Il faut distinguer les baux soumis à la loi du 6 juillet 1989 et les autres.
Pour les baux soumis à la loi du 6 juillet 1989, l’article 3 de la loi de 1989 prévoit qu'un état des lieux est joint au contrat. Si l'une des parties s'oppose à l'établissement de l'état des lieux contradictoire, l'autre peut demander à un huissier d'intervenir. L'huissier convoque les deux parties par LR/AR au moins 7 jours à l'avance.

 

L’absence d’état des lieux (cas par exemple d’une nouvelle gérance avec locataire en place) peut être très préjudiciable au bailleur car à la sortie, il ne pourra réclamer au locataire aucune réparation ne pouvant prouver qu'il a délivré les lieux en bon état.
Si c'est le locataire qui s'oppose à l'établissement de l'état des lieux, et que le bailleur peut le prouver, alors la présomption de l'article 1731 peut retrouver application.

Dans tous les autres baux, à défaut d'état des lieux d'entrée, le locataire est présumé avoir reçu les locaux en bon état et devra les rendre dans le même état.
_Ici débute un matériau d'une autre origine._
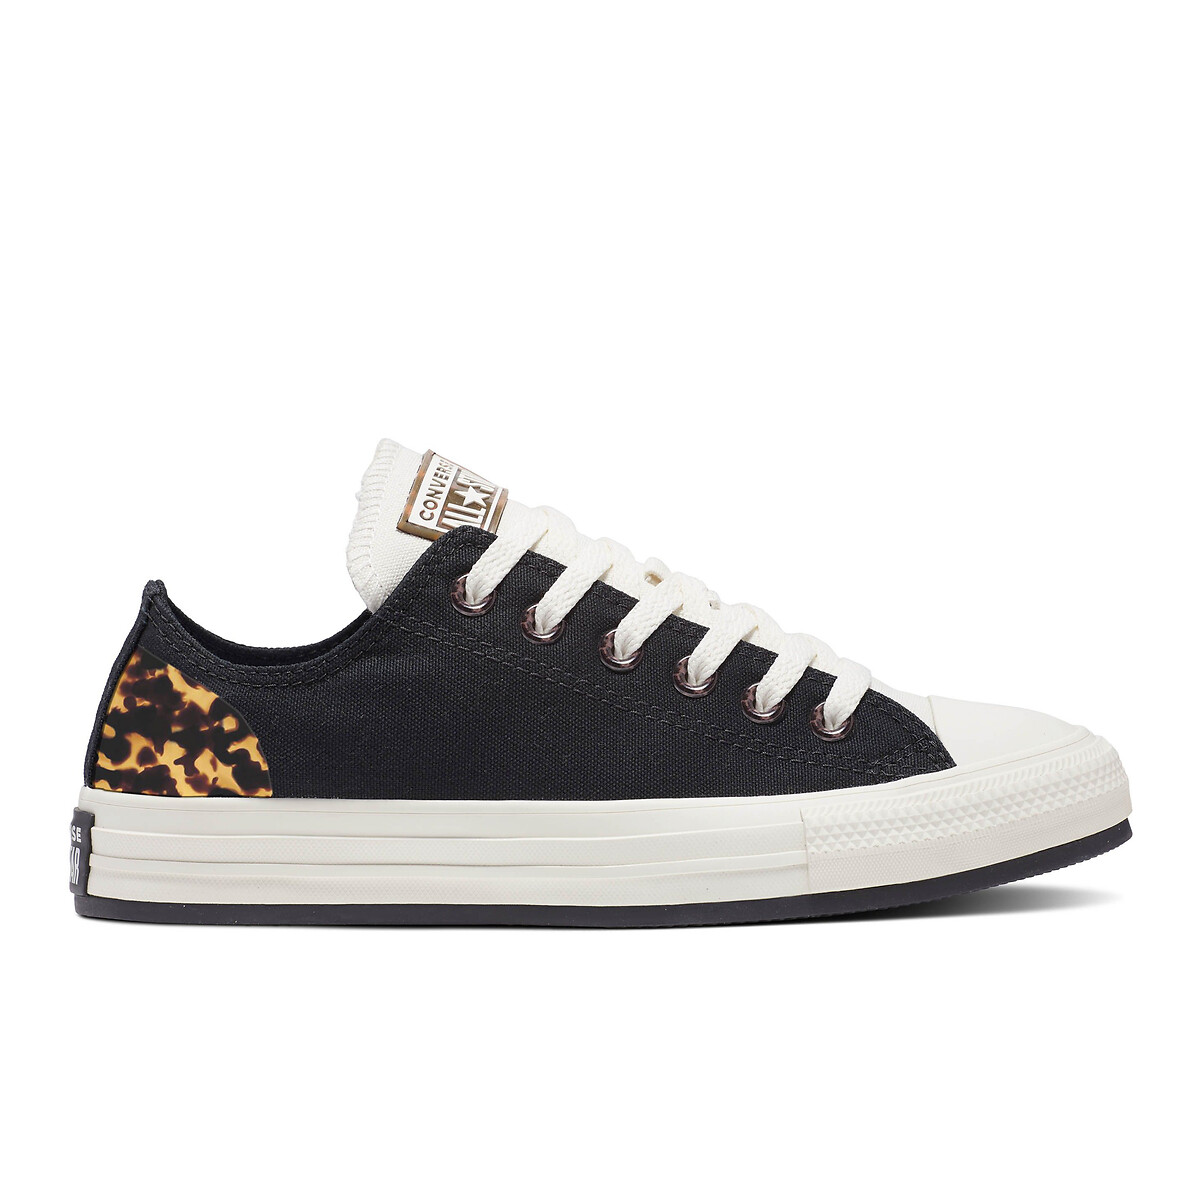 Image of Chuck Taylor All Star Ox Tortoise Canvas Trainers

PEUT-ON FAIRE DES OBSERVATIONS APRÈS L'ÉTAT DES LIEUX D’ENTRÉE ?

Dans le cadre des baux soumis à la loi du 6 juillet 1989 (article 3, al. 3), le locataire peut faire des annotations complémentaires (modification état des lieux, courrier à annexer au document etc.) dans le mois qui suit le début de la période de chauffe pour les éléments relatifs au chauffage.
Pour tous les autres baux, l'état des lieux est définitif dès qu'il est signé.
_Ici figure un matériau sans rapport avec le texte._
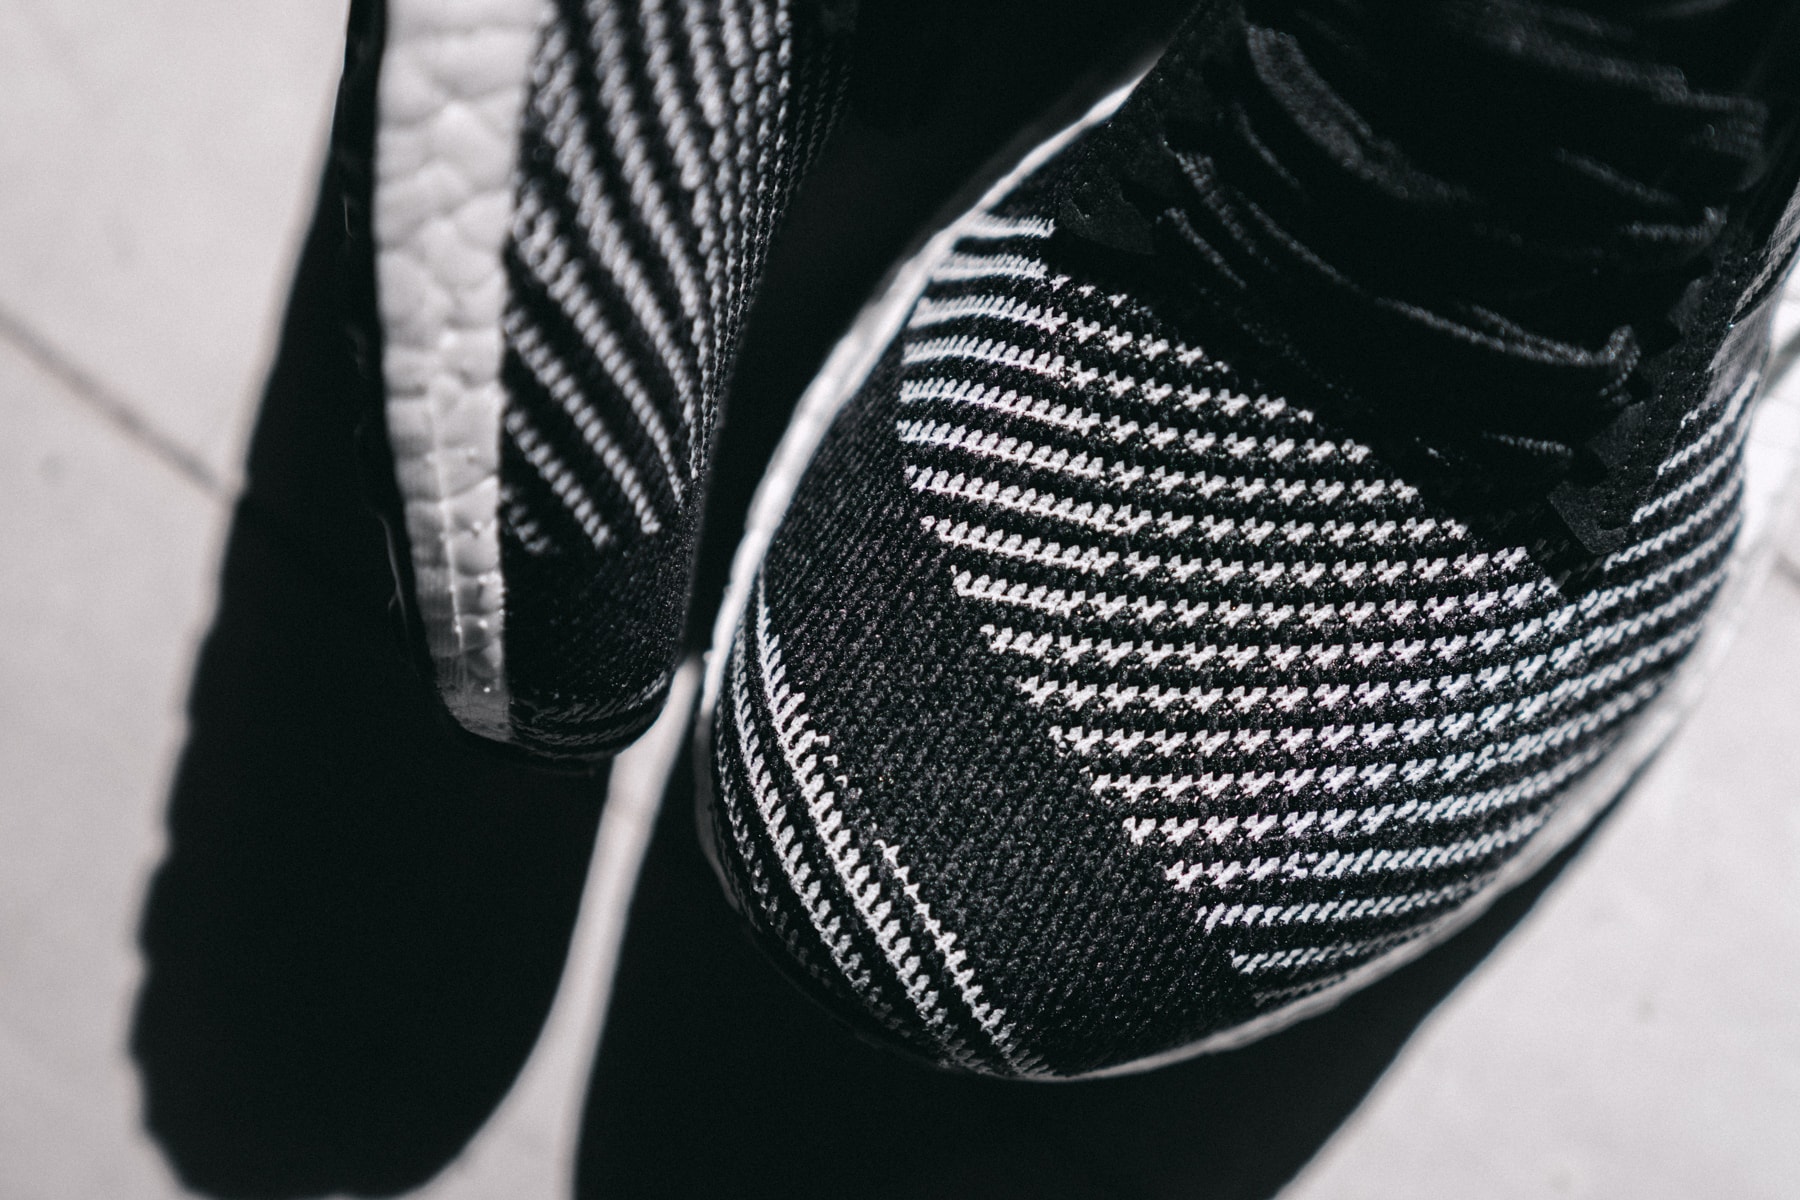 adidas ultraboost x cookies and cream national oreo day running sneaker black white closer look

Le bailleur n’est pas tenu de prendre en compte les autres remarques émises postérieurement par le locataire.

QUAND DRESSE-T-ON L'ÉTAT DES LIEUX DE SORTIE ?

L'état des lieux de sortie, comme son nom l'indique, est établi à la sortie du locataire qui doit normalement être concomitante avec la fin du bail ou la restitution effective des locaux.

Mais attention, si le locataire quitte le logement avant la fin du préavis, signe l'état des lieux de sortie et remet toutes les clefs au bailleur ou à son représentant, il n’a plus la garde du bien objet du contrat de bail. Cette garde est transférée au propriétaire ou à son mandataire exclusif.

Si un sinistre survient après la date de restitution des clefs, le locataire sera exonéré de toute responsabilité. Rappelons que le dépôt de garantie, pour les baux soumis à la loi de 1989, doit être rendu dans les deux mois de la RESTITUTION des clefs.

QUE CONTIENT L’ÉTAT DES LIEUX DE SORTIE ET A QUOI SERT-IL ?

Comme l’état des lieux d’entrée, l’état des lieux de sortie doit être une « photographie » objective de l’état des biens loués. Il va être comparé à l’état des lieux d’entrée (s’il existe) ce qui invite à bien relever le maximum d’informations. L’état des lieux de sortie, comme celui d’entrée, doit être établi contradictoirement ou à défaut par huissier.

La recommandation de la CNC rappelle qu’il est préférable que l’état des lieux soit réalisé dans des locaux vides. Elle indique que les états des lieux d’entrée et de sortie doivent reposer sur un document de même composition.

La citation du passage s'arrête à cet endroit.